**What this task involves:**
The data must be reproduced verbatim; images are to be omitted.

**Data shown:**
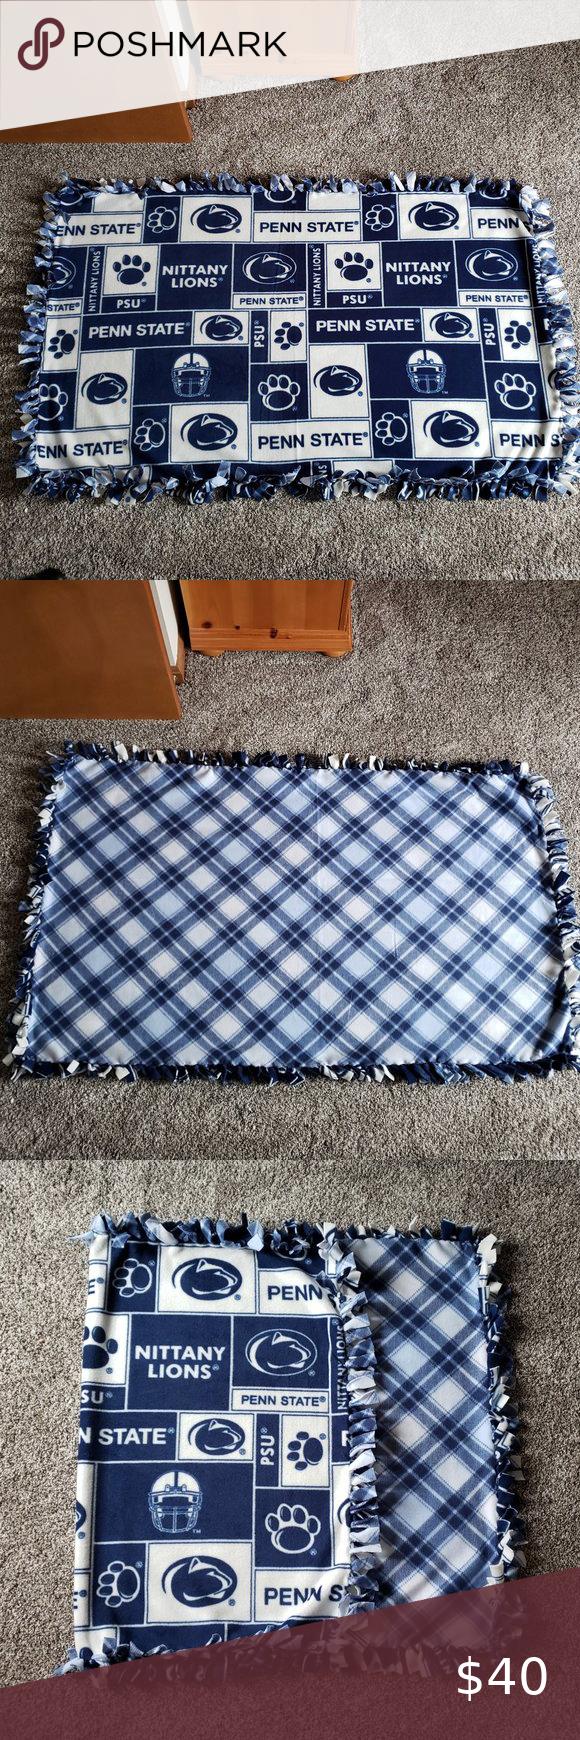 Penn State University No Sew Fleece Blanket No Sew Fleece Blanket Homemade Blankets Sewing Fleece
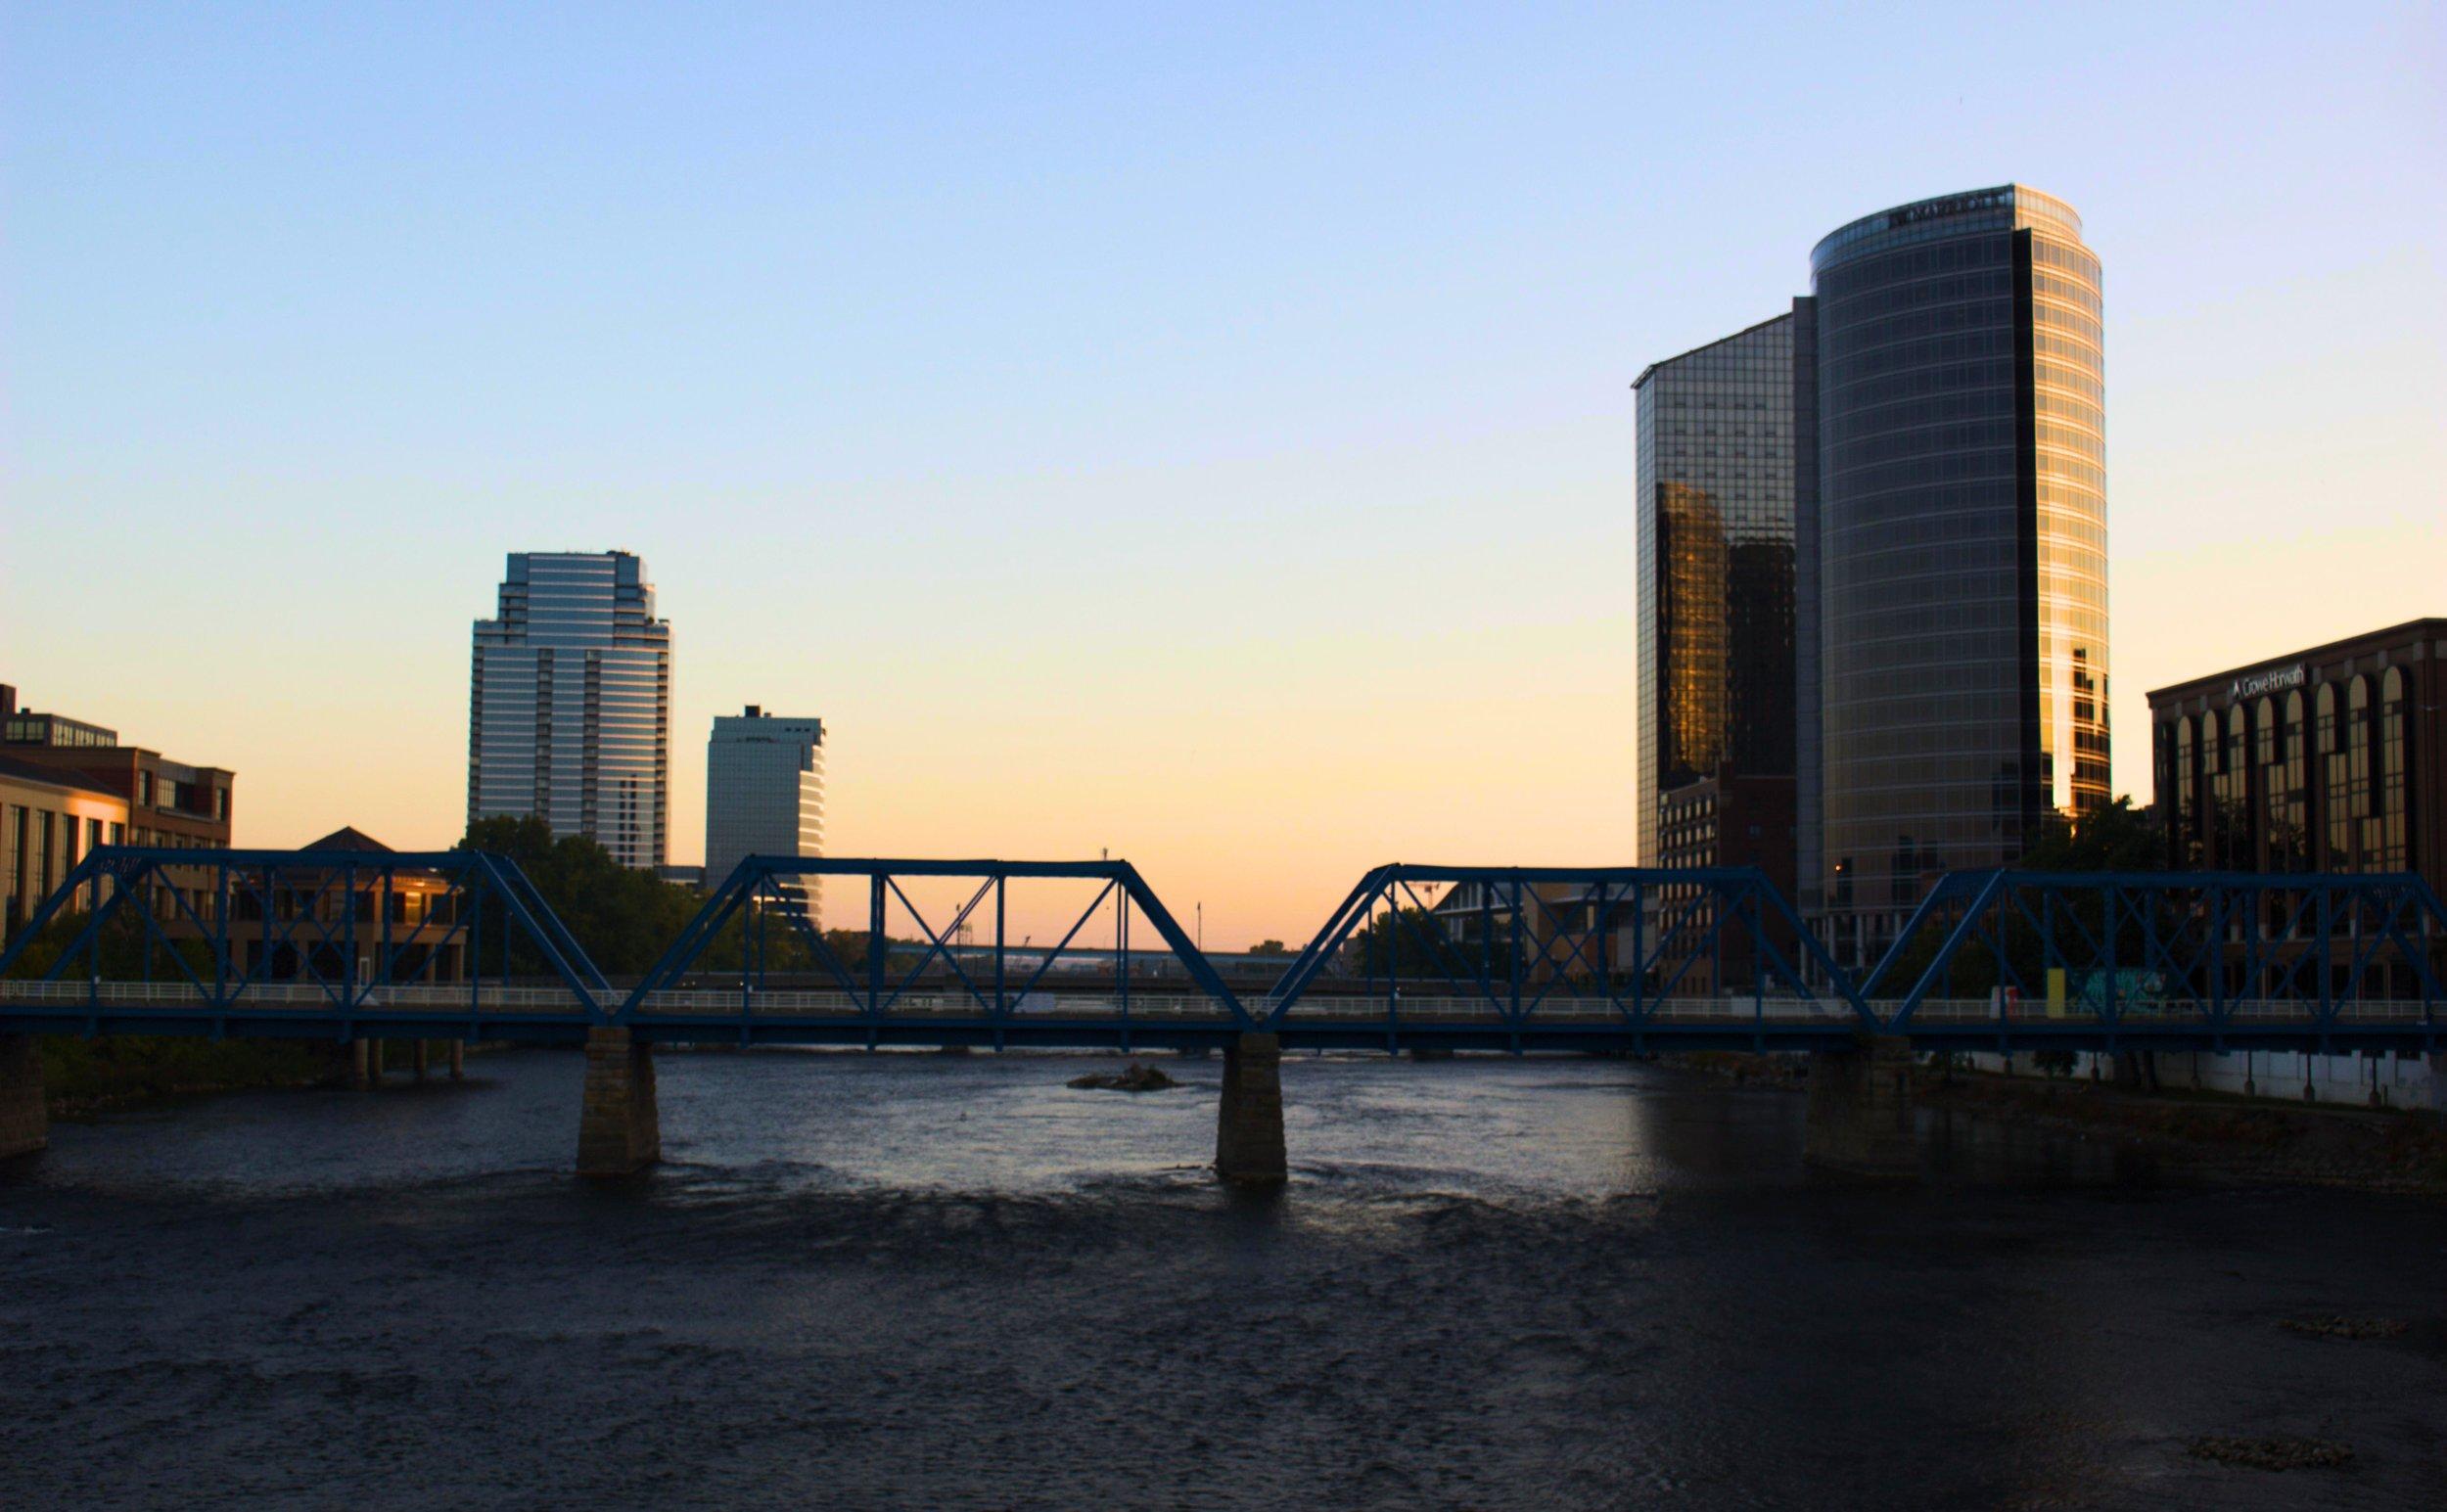 From the Fulton Street bridge
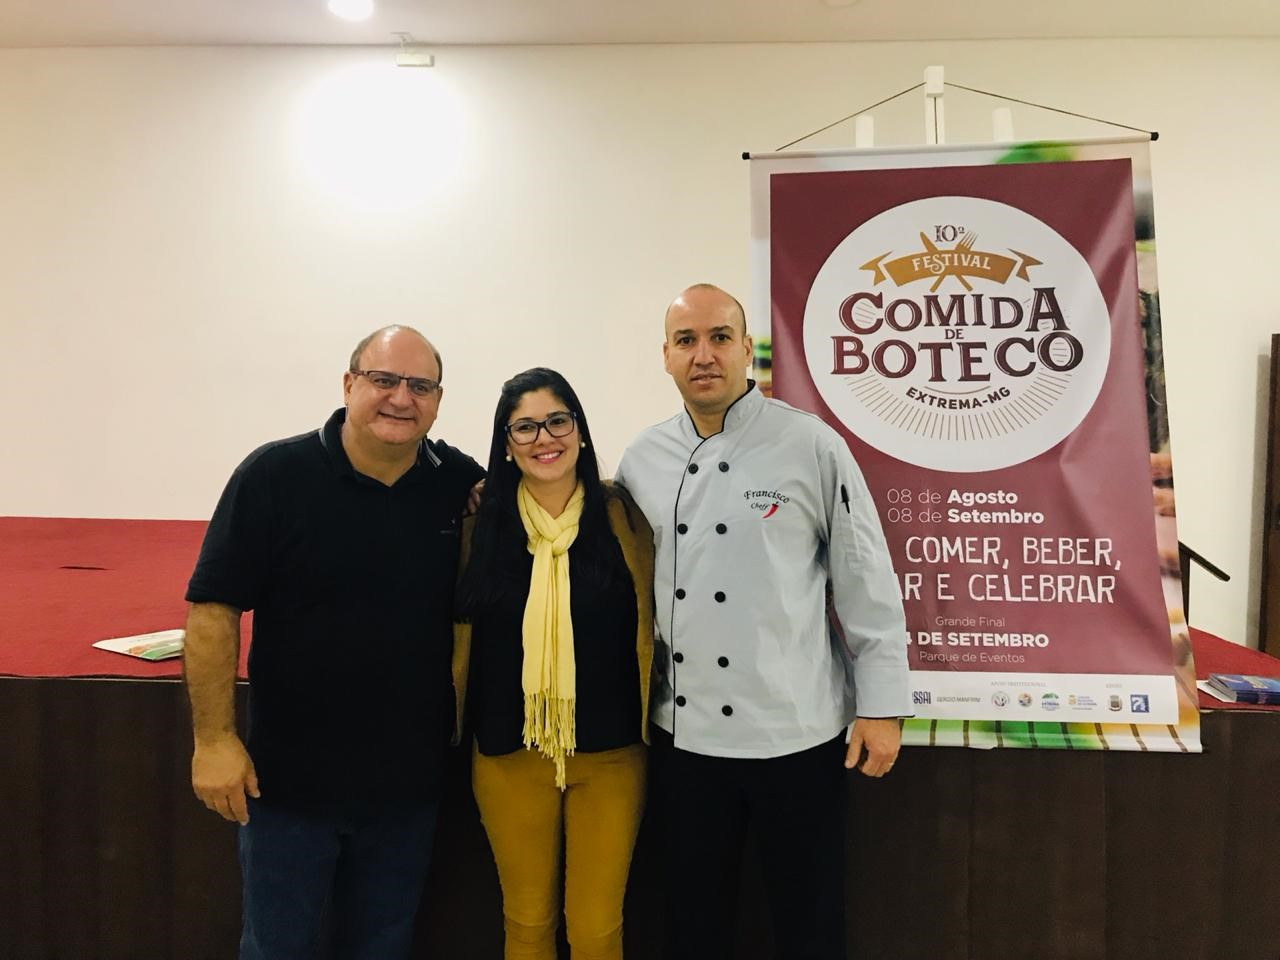 Edson Puiati, Ana Paula Odoni e José Francisco de Souza do Carmo

**Solution below:**
 Penn State University No Sew Fleece Blanket No Sew Fleece Blanket Homemade Blankets Sewing Fleece
 From the Fulton Street bridge
 Edson Puiati, Ana Paula Odoni e José Francisco de Souza do Carmo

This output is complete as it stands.